A few weeks ago, I designed a new enclosure for the bottom half of the robot. I designed it for a CNC machine, since I was supposed to attend a CNC workshop in December. Of course, this was cancelled because of the pandemic, so I decided to 3D print it instead. Unfortunately, the part was too big and the print was estimated to take at least 12-15 hours. So the next step was to go back to my favourite prototyping tool - a laser cutter. I simplified the design so that I had four laser cut panels - one for each side (the top is covered by the navigation module panel, and the bottom is covered by the robot), and 3D printed parts to hold these four panels in place. The final 3D print took less than 3 hours, and after using a soldering iron to add threaded inserts, they were ready to go. Since the laser cutter at work cannot cut acrylic, I sent the parts to Snijlab.nl for manufacturing. The front and back panels were sent off first, while I was still designing the left and right panels. I am still waiting to receive the left/right panels, which will be sent to production after the holidays.
This done, I next moved on to the OAK-D IMU. Initially, I had thought of passing the output values through a filter to get rid of the noise, but turns out it wasn’t needed after all. The DepthAI API lets me access calibrated and gravity-compensated IMU values, so they are already filtered. I did however pass them through the robot_localization node with an Extended Kalman Filter for now. This does not provide any improvements, but when I fuse it with wheel odometry, I can just add that to the robot_localization parameters. About the wheel odometry, I was unable to fix the publisher from the Arduino. I tried almost all combinations of buffer sizes and baud rates, but the publisher still has the same issue - it publishes messages for a while, then stops. I hope moving to ROS2 and microROS fixes this issue, but I also intend to use a Teensy instead (a potential PCB design project) sometime in the future. Teensies are much more powerful and should definitely be able to publish and subscribe to multiple nodes at the same time. In my current OAK-D node, I publish the RGB images, depth images and the IMU data, but as I’ve previously found out, I cannot run both this node and the navigation stack at the same time. It makes the entire system extremely slow. Now, since I want to use only the IMU with the navigation stack, I created another node for publishing IMU information only. This does not slow down the navigation processes, it should in fact improve navigation once the odometry and OAK-D IMU are fused and this is used to replace the T265 visual tracking. Then, the Visual SLAM can be implemented using RTABMap, DepthAI Feature Tracker, or other methods such as OrbSLAM3.

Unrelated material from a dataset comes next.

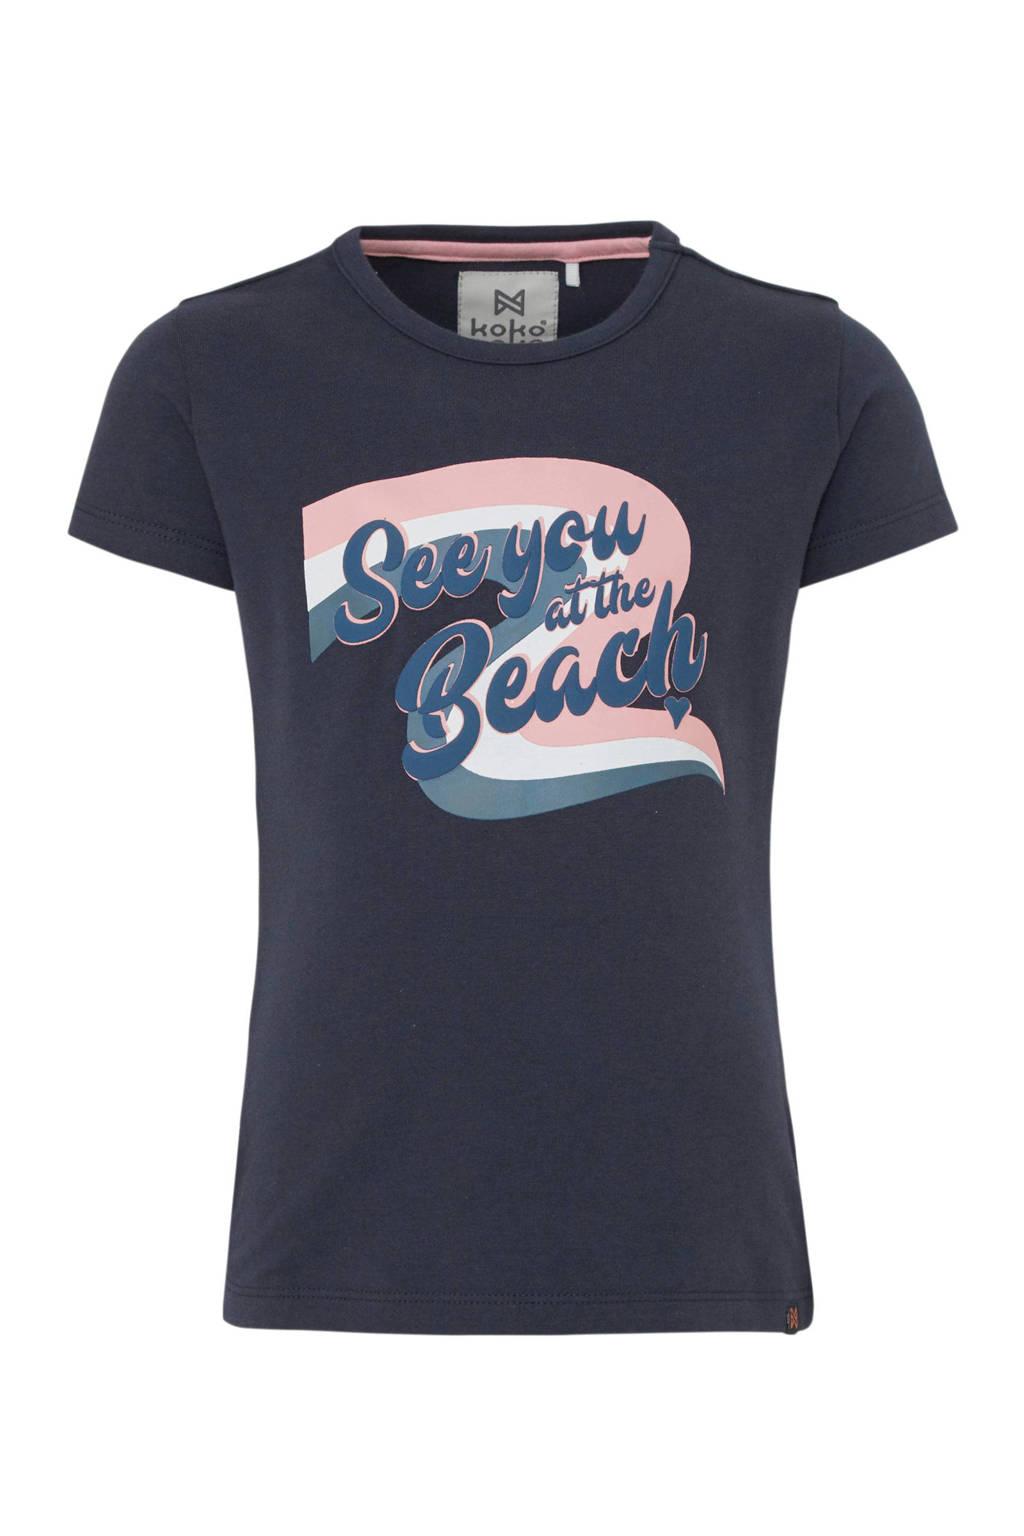 Koko Noko T-shirt met printopdruk antraciet/blauw/lichtroze, Antraciet/blauw/lichtroze

Next, I took my first real steps with the ROS2 porting. I installed ROS2 Galactic on my Raspberry Pi 4, and setup the ROS2 workspace and all necessary environment variables and aliases. I installed everything on root, but I’ve read that is much better to containerize different environments using Docker. I plan on attending a workshop conducted by my office and try this out on my Jetson Nano (which I use as a ROS ground station), where I cannot install ROS2 natively anyway. I then installed ROS1-2 bridge and setup a tutorial publisher/subscriber between ROS versions, which worked like a charm. I am slightly annoyed that the bridge does not allow you to see ROS1 topics under ros2 topic list, but I know people are working on it, perhaps this feature is implemented in future distributions of ROS2. For now, the bridge works, ROS1 messages are accessible by ROS2 nodes and vice versa. This means I can start porting things one by one to ROS2 without breaking the robot’s functionality.
Finally, it was time to take some time off for Christmas, finish things up with the robot and then head off to Italy to spend the New Years. But thanks to Omicron, this trip had to be cancelled, and a lockdown was announced in the Netherlands till the middle of January 2022. While I was downloading games and making a list of movies to watch, I also found a 12V/3A wireless charging module and ordered it. I’ve always wanted to build a docking station for the AKROS robot, wireless charging is probably the easiest way to do this, since I dont need to design or add latching mechanism for a wired power connection. All I need to do now is build a plate on the bottom of the robot where the receiver module can be mounted and this can be wired to the UPS/battery on the robot. I already have a spare blank base-plate template, which I attached to the bottom of the robot, which I will use to prototype the bottom plate once the wireless charging module arrives. Now, after the cancelled plans, I will have enough time to design the parts during my holidays and then get them printed at work in the first week of January. So at least there is a silver lining to all this.
So, for the next few weeks, my job is quite limited and easy - wait for the side panels from Snijlab and then assemble it onto the robot, play with the wireless charger and design mounts for it, then 3D print and attach to the robot. I also will write another post in January about all the progress I did in 2021, and my plans for the 2022..I do have some big things lined up.